→ **Exercise prompt**: Each line of the material must be repeated precisely, with the pictures left out.

→ **Data section**:
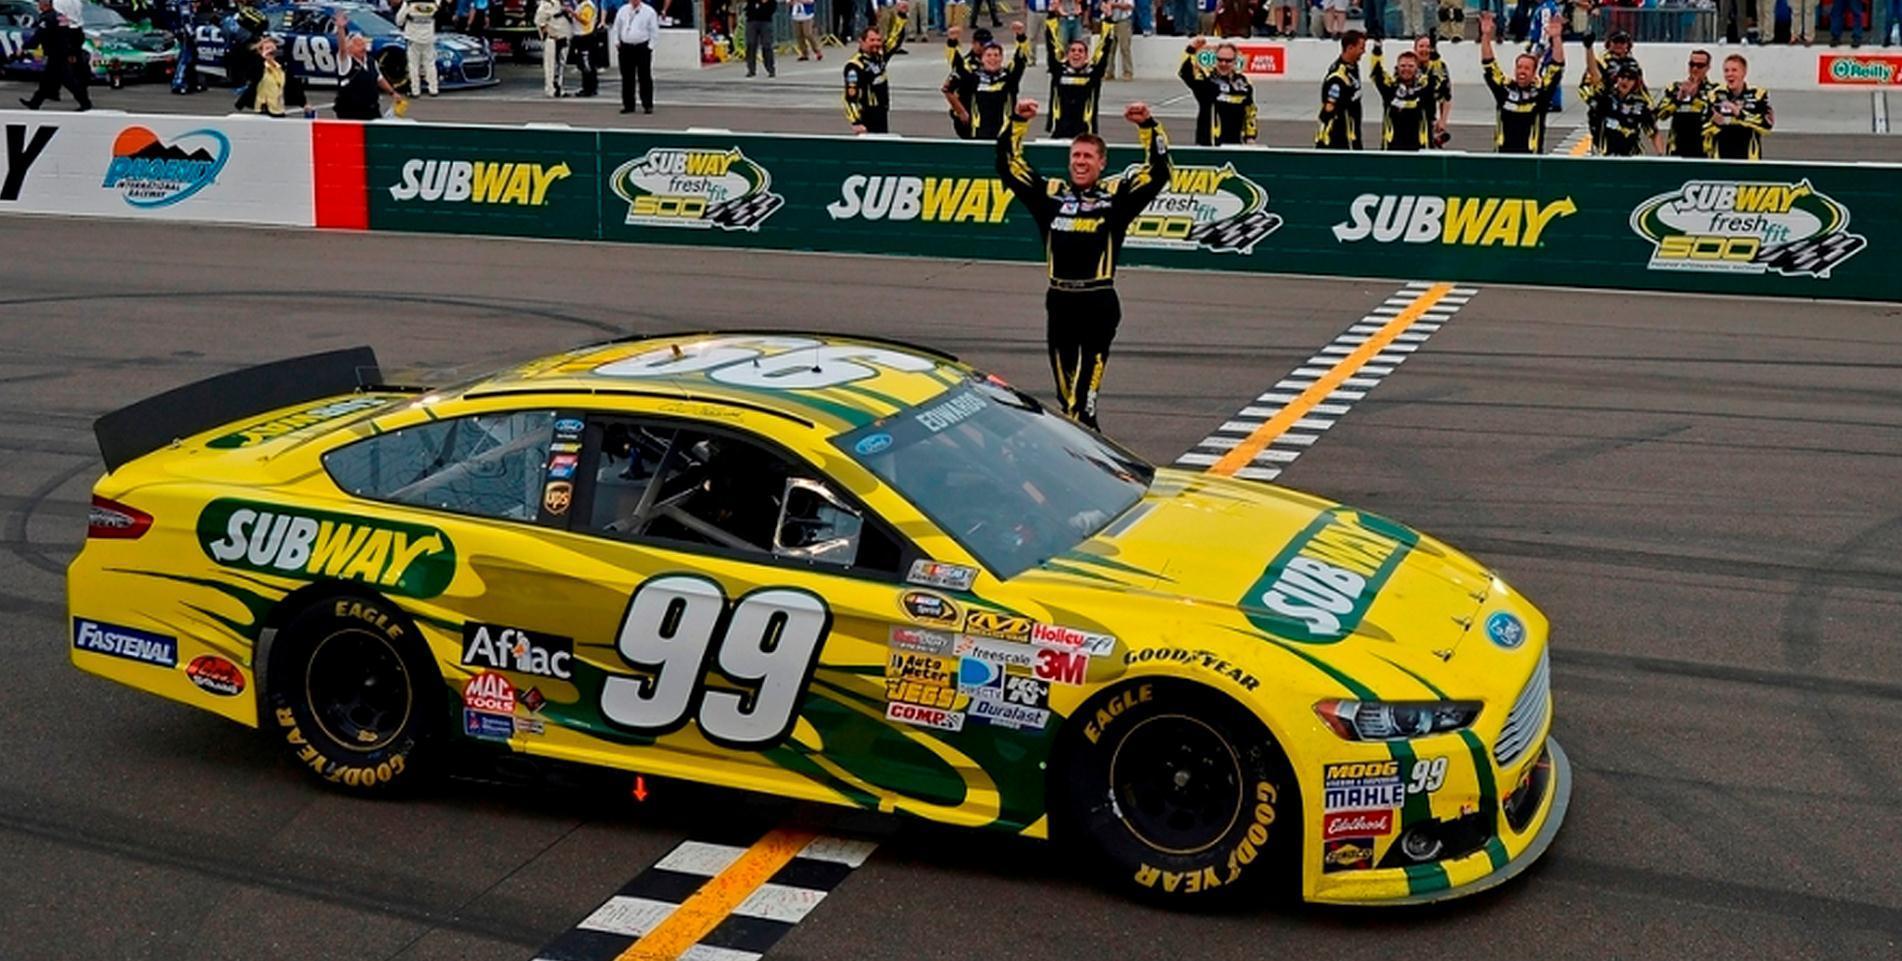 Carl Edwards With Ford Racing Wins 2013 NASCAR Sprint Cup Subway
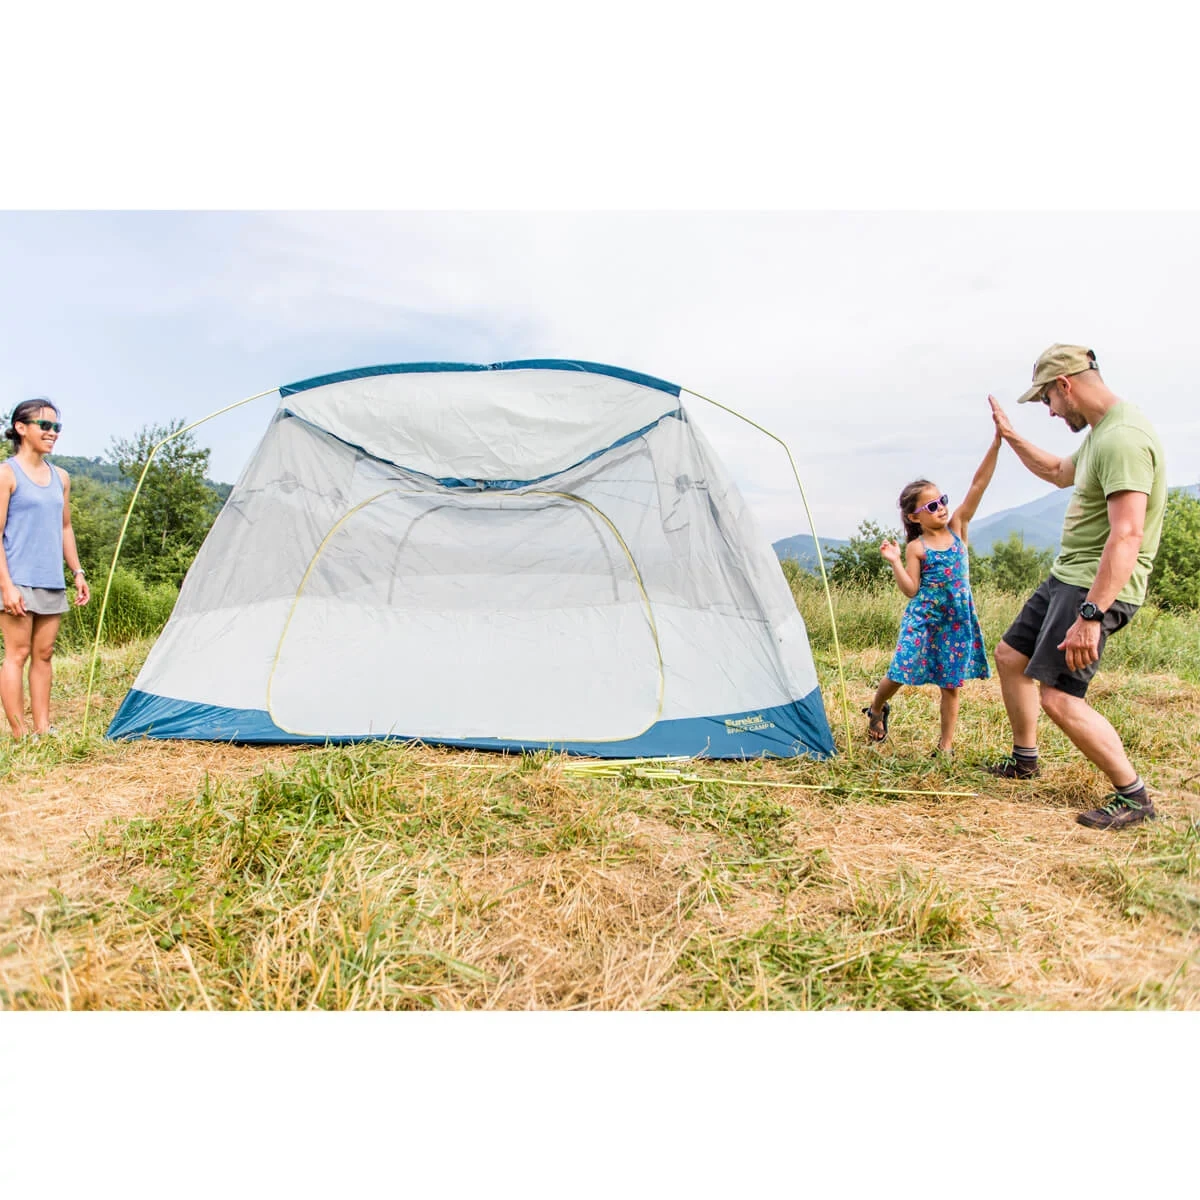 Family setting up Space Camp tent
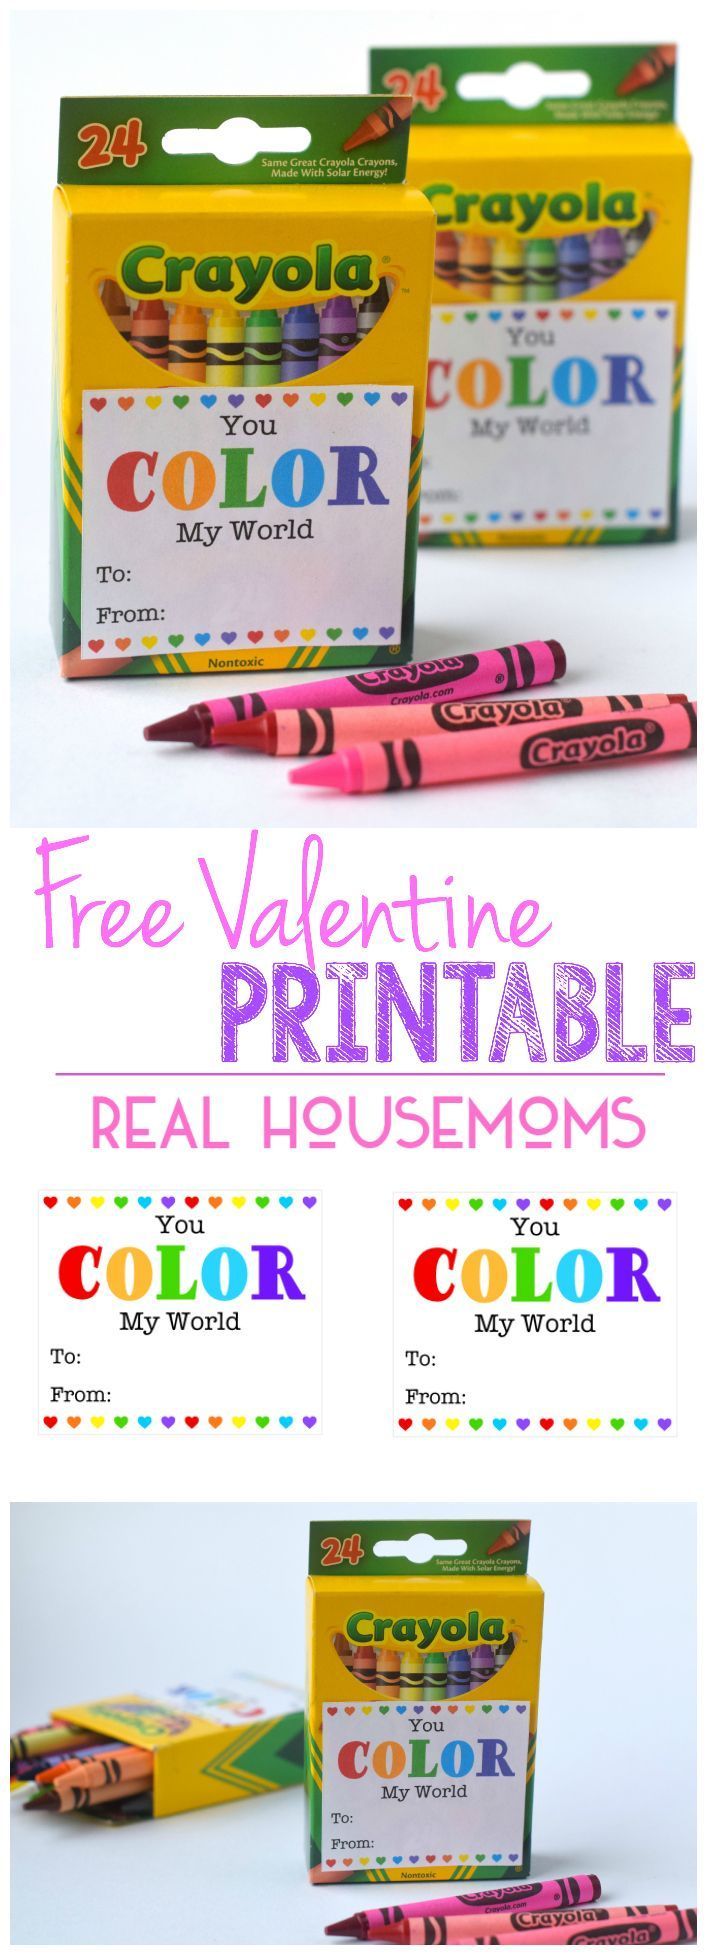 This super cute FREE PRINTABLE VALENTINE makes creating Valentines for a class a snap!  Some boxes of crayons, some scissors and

→ **Worked solution**:
 Carl Edwards With Ford Racing Wins 2013 NASCAR Sprint Cup Subway
 Family setting up Space Camp tent
 This super cute FREE PRINTABLE VALENTINE makes creating Valentines for a class a snap!  Some boxes of crayons, some scissors and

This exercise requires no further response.